RMS Energy -: RMS (Root Mean Square) Energy is a measure of the power or loudness of the audio signal. This gives us an idea of how much energy the audio signal has, which correlates to its perceived loudness. It is calculated using the following formulae -:
$$\text{RMS} = \sqrt{\frac{1}{N} \sum_{i=1}^{N} x_i^2}$$
We will process each frame (a continuous segment of the audio signal), calculating and normalising its spectral contrast and RMS energy. By comparing these features with the previous frame, we will determine whether it belongs to the same clip or a new one. A new clip will be created if the following condition is met.
$$(SC_2 - SC_1) +(RMS_2 - RMS_1) > Threshold$$
Once we have the clips we will create the embeds associated with it using ImageBind and store it in out vector database along with the metadata like timestamp of the clip.
Processing Text Data
Video data may include a subtitle file, or a transcript can be generated from the video. Working with text data is typically simpler. To preserve context and minimize information loss, we'll segment the text data with some overlap. Then, we'll generate the embeddings using ImageBind and store them in VectorDB, marking each with its corresponding timestamp.
Querying For Video Clip
The process of querying a video clip begins with a prompt provided by the user. Upon receiving the query, we follow these steps:
We generate the embed for the prompt and query our vector database to find the closest match. This could be a text, frame, or audio embed.
If the embed is text-based, we calculate the cosine similarity of the next and previous text embeddings.

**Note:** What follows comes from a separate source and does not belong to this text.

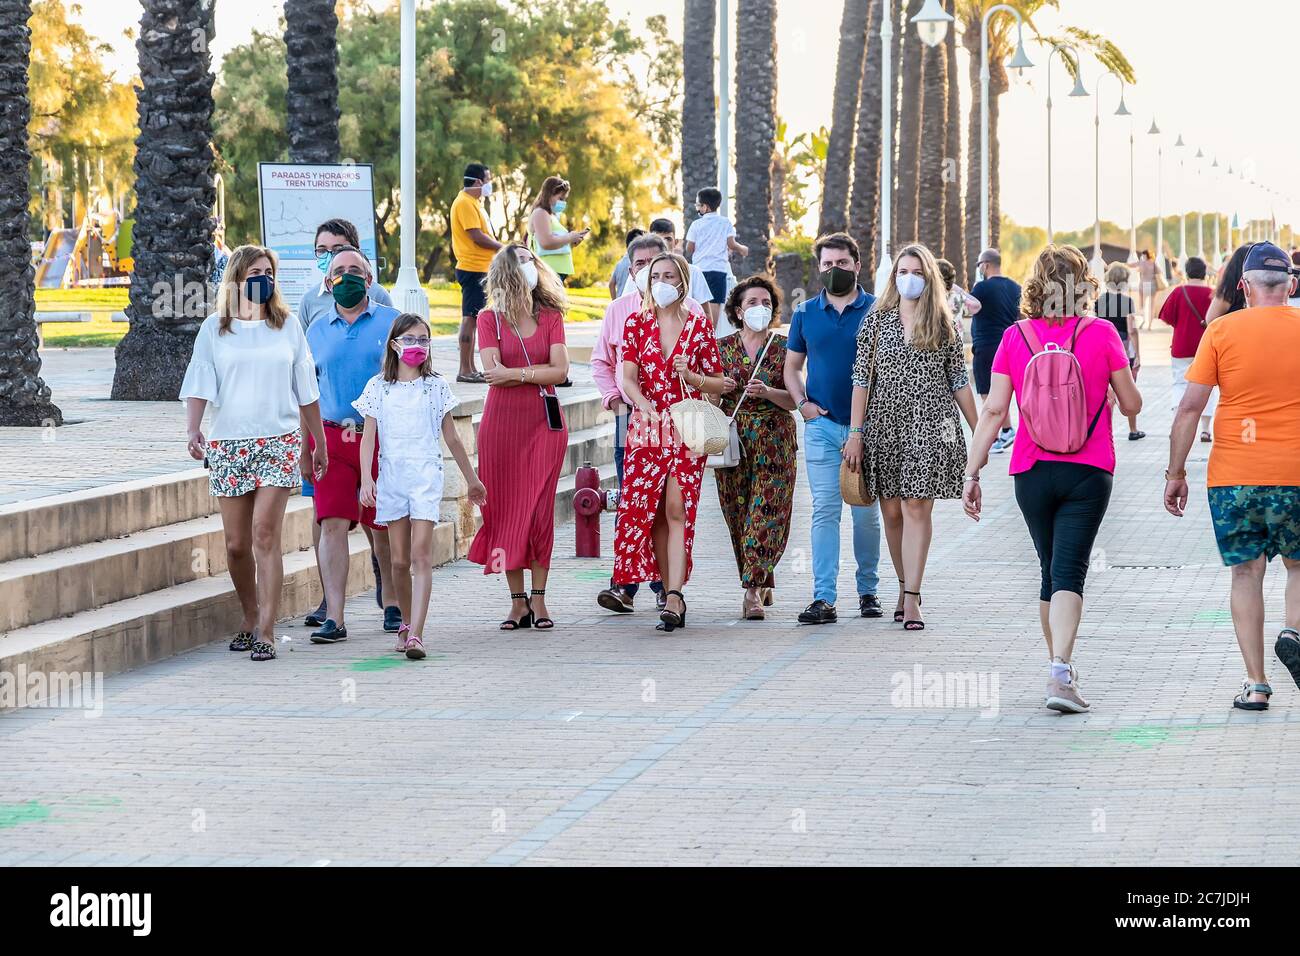 Huelva, Spanien - 3. Juni 2020: Menschen, die bei Sonnenuntergang an der Islantilla Promenade entlang gehen, tragen eine Schutzmaske wegen Covid-19. Stockfoto

We continue to iterate in both directions until the cosine similarity falls below a certain threshold. This threshold can be calculated dynamically (I created an npm package for this purpose. You can check it out here). The start time of the first chunk becomes the start time of the video clip, while the end time of the last chunk becomes the end time.
If the embed is audio-based, the process is more straightforward. We simply use the start time of the audio clip as the start of the video, and the end time of the audio clip as the end of the video.
If the embed is of a frame, then the timestamp of the previous frame in vectorDB is the start time of the video clip, and the timestamp of the next frame is the end time of the video clip.
Once we have the start and end times for the video clips, we will generate the clip from the original video and provide the output.
In conclusion, with the help of advanced transformer models like ImageBind, creating a reliable and efficient in-video search service is more attainable than ever. By processing and embedding different data modalities from videos - frames, audio and text - we can create a comprehensive search system that caters to a wide array of user queries. Remember, the process highlighted in this article is a guide - the thresholds, processing techniques, and models can be tweaked and optimized as per your specific use case. Happy coding!